CD1, Fertility Challenge day 1

So we have finally moved on to another cycle, I so hate when you know it's coming and are left waiting. Also today is day 1 of the natural fertility challenge. So, you might be asking yourself what is on the docket for the next (approx ) 28 days. Tomorrow I get to go in and peek at my ovaries (cue emo breakdown), The Captain and I both start Z-pak (part of the RPL protocol we're on), Clomid 50mg CD 5-9, CD12 finds me yet again romancing the vag cam, and if previous cycles are to be believed I may spend Valentines day being injected with tiny swimmers. What a gift! Please honey all I want for V day is for you to deposit your spunk in this cup (cue sitcom laugh track). Also, we are waiting for the results of my thrombophilia (clotting) panel to determine if I will be on prednisone. Frankly, I hope in a week or so to be starting prednisone because it means I have no clotting disorder and will not need daily lovenox injections when I finally manage to become pregnant again.
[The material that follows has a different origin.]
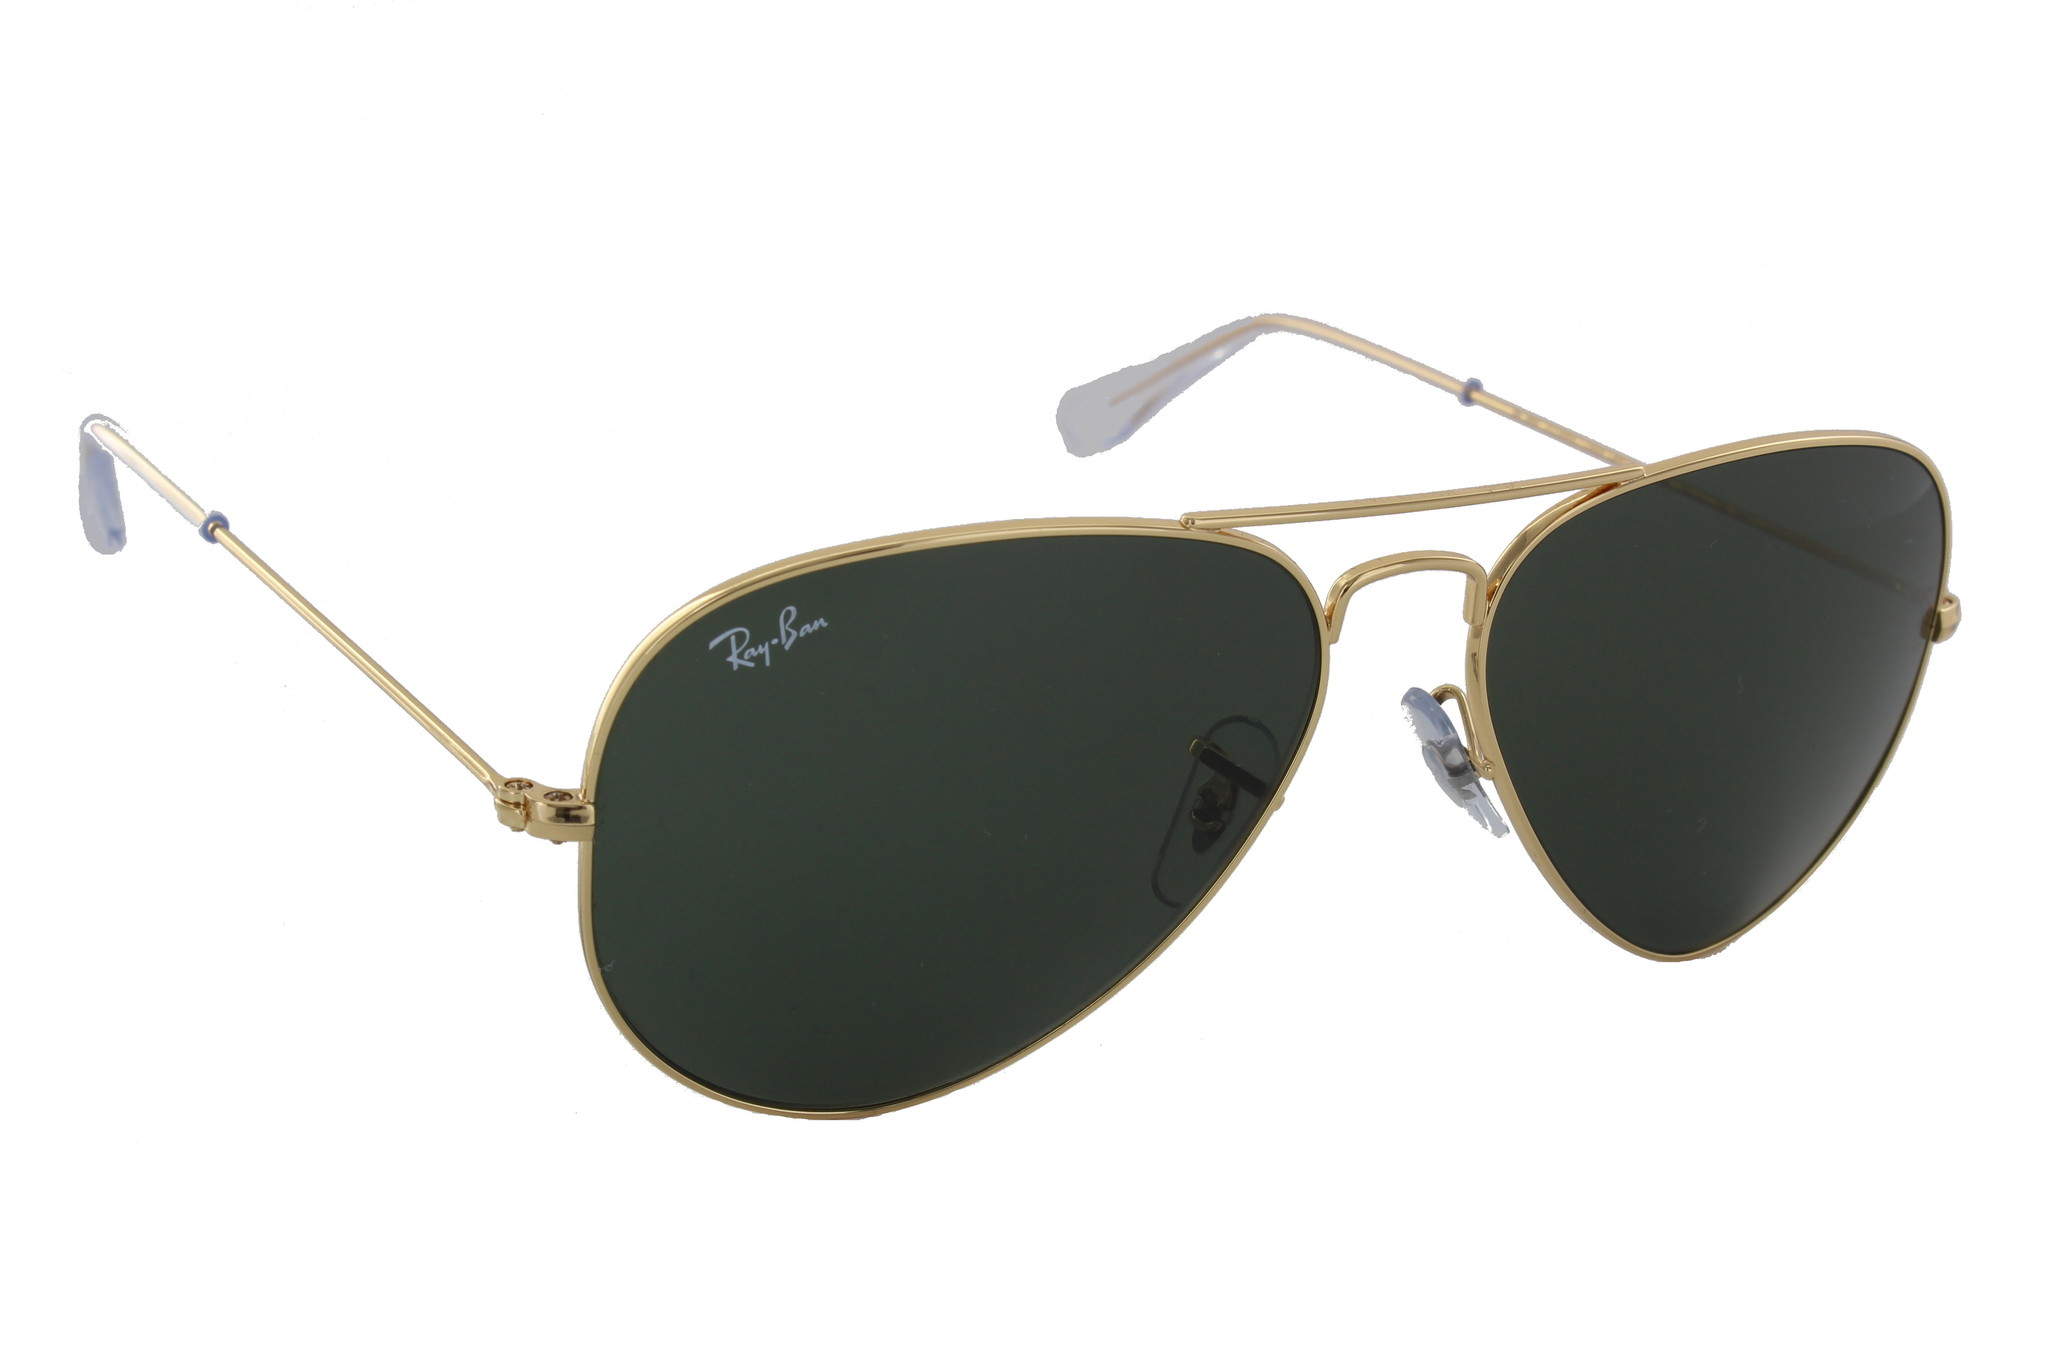 Ray-Ban - RB3025 - L0205 - 58 -14-135 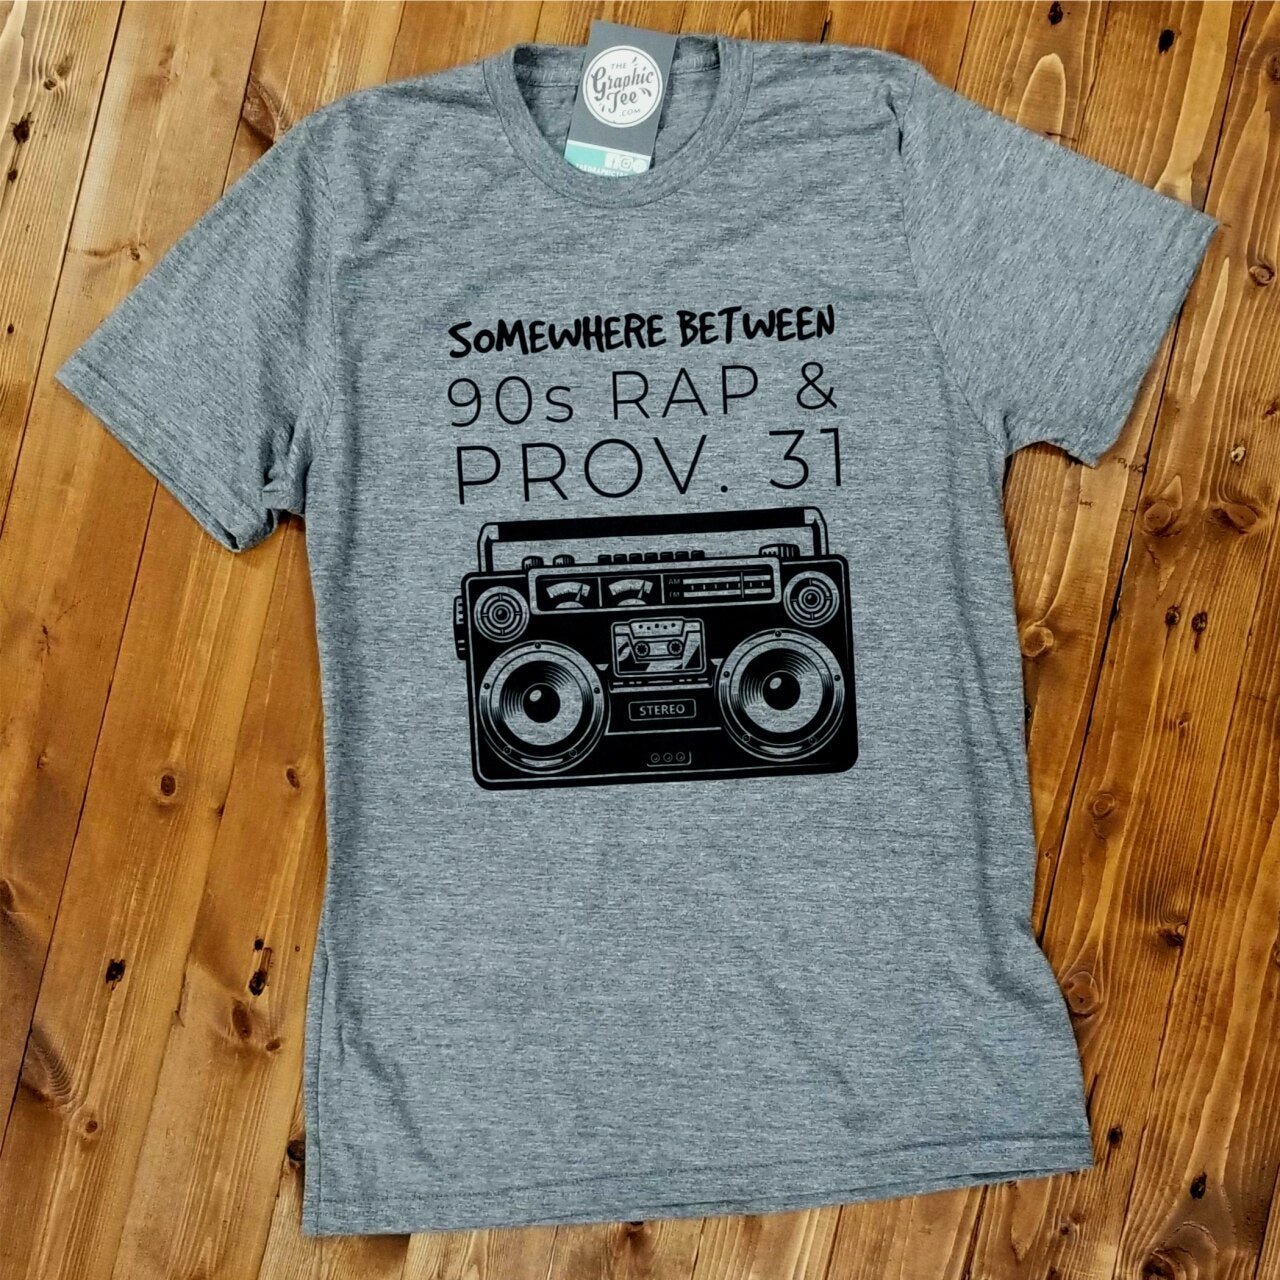 Somewhere Between 90s Rap and Prov. 31 - Aluminum Grey Tee - The Graphic Tee

Dieting while on prednisone...yeah sounds super....but I don't really mind because it means we may actually be able to hold on to our next pregnancy!

Day 1 of the natural fertility challenge and our task is to clean out all the toxic household products and replace them with non-toxic natural products. About 2 years ago we switched to using all non-toxic cleaning products. I did still have a few things that I held on to for absolutely zero reason as I haven't touched them in 2 years. I was reminded today by the video that even just having those things in your home allows them to seep chemicals into the air that you breathe and slowly they poison you. I took the opportunity to clean out our "under sink area" and tossed everything that was just sitting in there and not being used. We now only have 1 toxic cleaning product, our stainless steel cleaner, because ALL of the natural options I have tried SUCK and we have all stainless in our kitchen. I did opt to store said cleaner in our garage which is detached and does not share air with our home. I am presuming that in the coming days the challenge will include doing the same with beauty products and switching to organics for edibles...both of which I have largely done but we'll discuss when those topics pop up.